Saturday, June 13, 2015

Retro Saturday: Nuclear Propulsion in Space


Click the arrow to watch the film. Video source: The Mars Underground YouTube channel.

Well, this never happened.

This week's Retro Saturday is a 23-minute 1968 film called Nuclear Propulsion in Space. Jointly produced by NASA and the Atomic Energy Commission, it foresaw the use of nuclear-powered upper stages on a Saturn V-like system to send crew to Mars.

As recounted by Los Alamos National Laboratory article, nuclear propulsion had proven quite promising in the 1960s.

But the technology would turn out to have no use.

By 1970, the Nixon administration, Congress and the American public had no taste for more extravagant human spaceflight programs. Nixon's Space Task Group proposed a Space Transportation System to service an Earth-orbiting permanently manned space station. A space tug, possibly propelled by nuclear engines, was an option.

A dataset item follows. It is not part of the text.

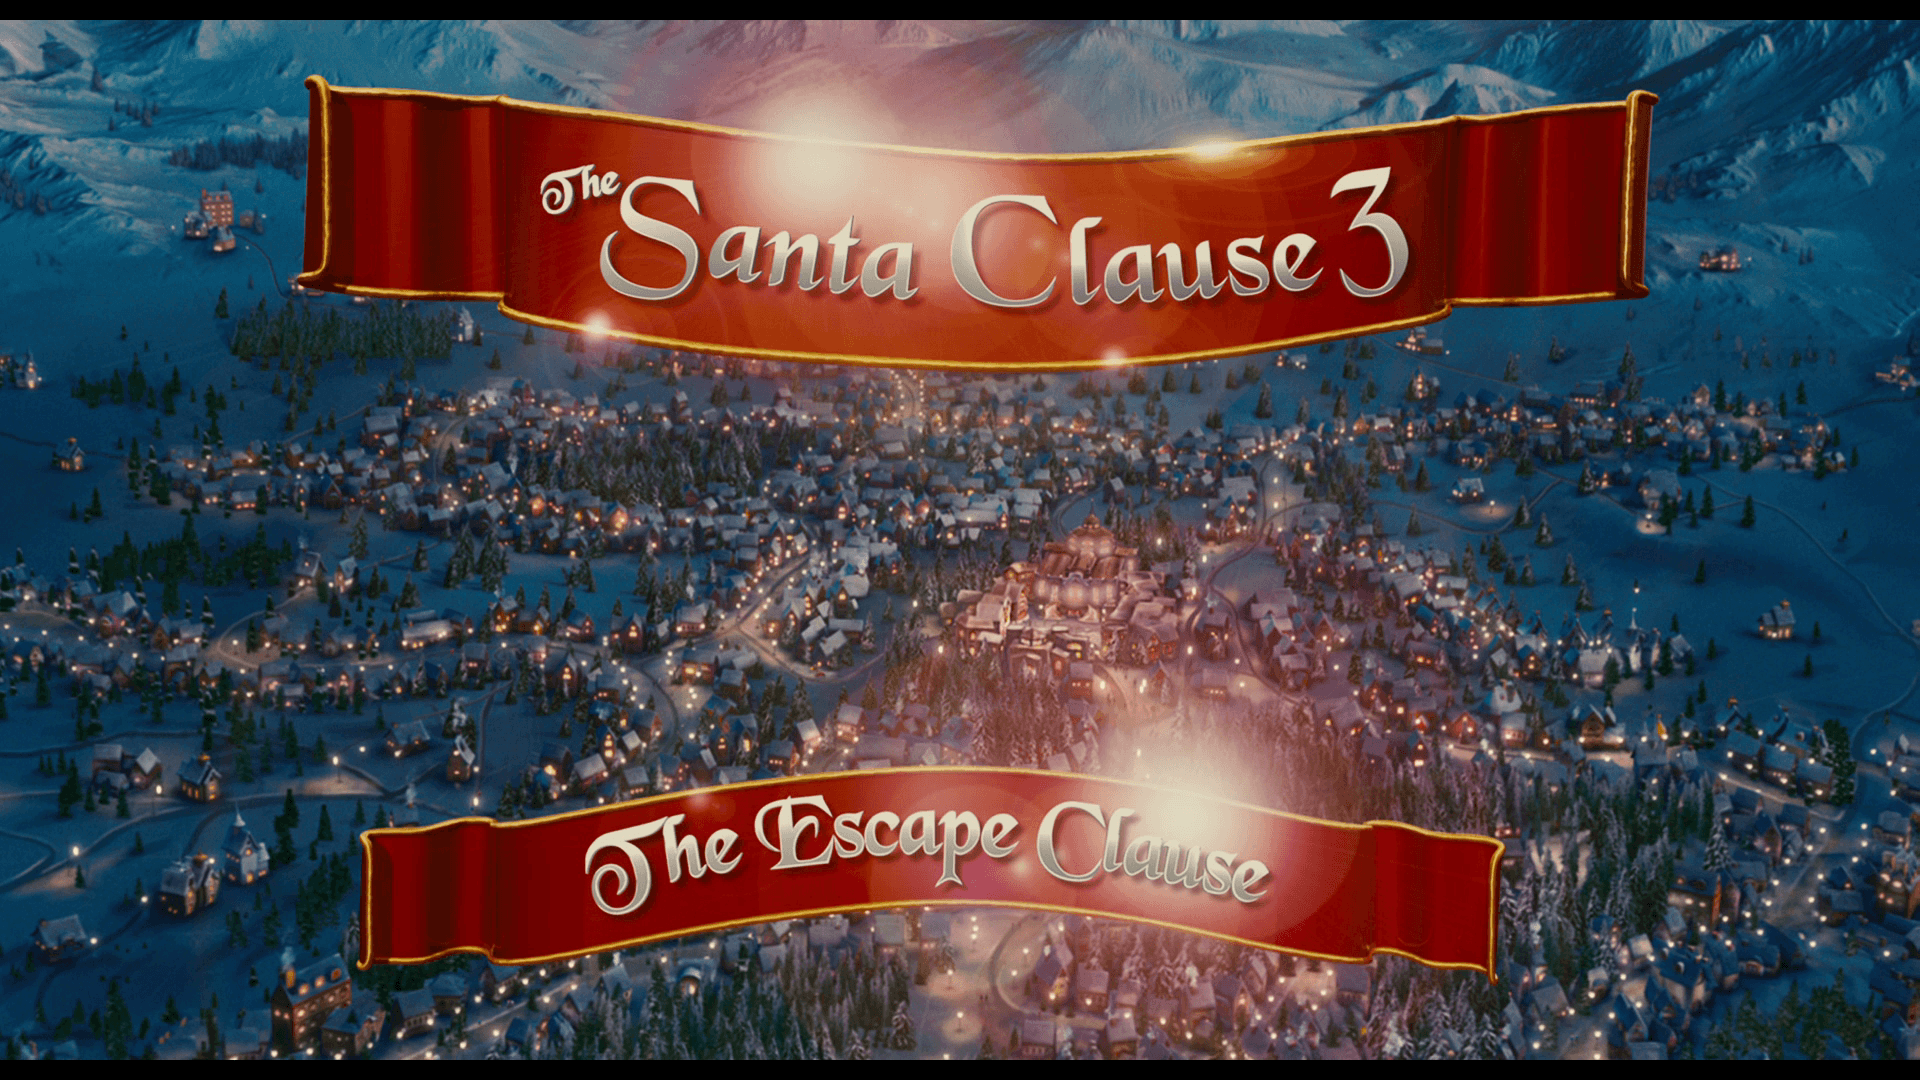 The Santa Clause: The Complete 3 Movie Collection (Blu Ray), DVD

The Space Task Group recommendations were largely ignored, although they did evolve into today's Space Shuttle. The "STS" moniker for a Shuttle mission stands for Space Transportation System.

The idea of an international space station (that wasn't its original name) came out of Nixon's desire to use the U.S. human spaceflight program as a diplomatic tool to reward friends and punish enemies.

The relatively low thrust provided by nuclear engines was of little use on the ground, and the space tug idea was dropped, so NASA shelved its ideas for nuclear propulsion.

The uncertainty about the future of NASA's human spaceflight program is clear in the narrator's final words about nuclear propulsion:

It will be available when this nation determines its next great objective in space.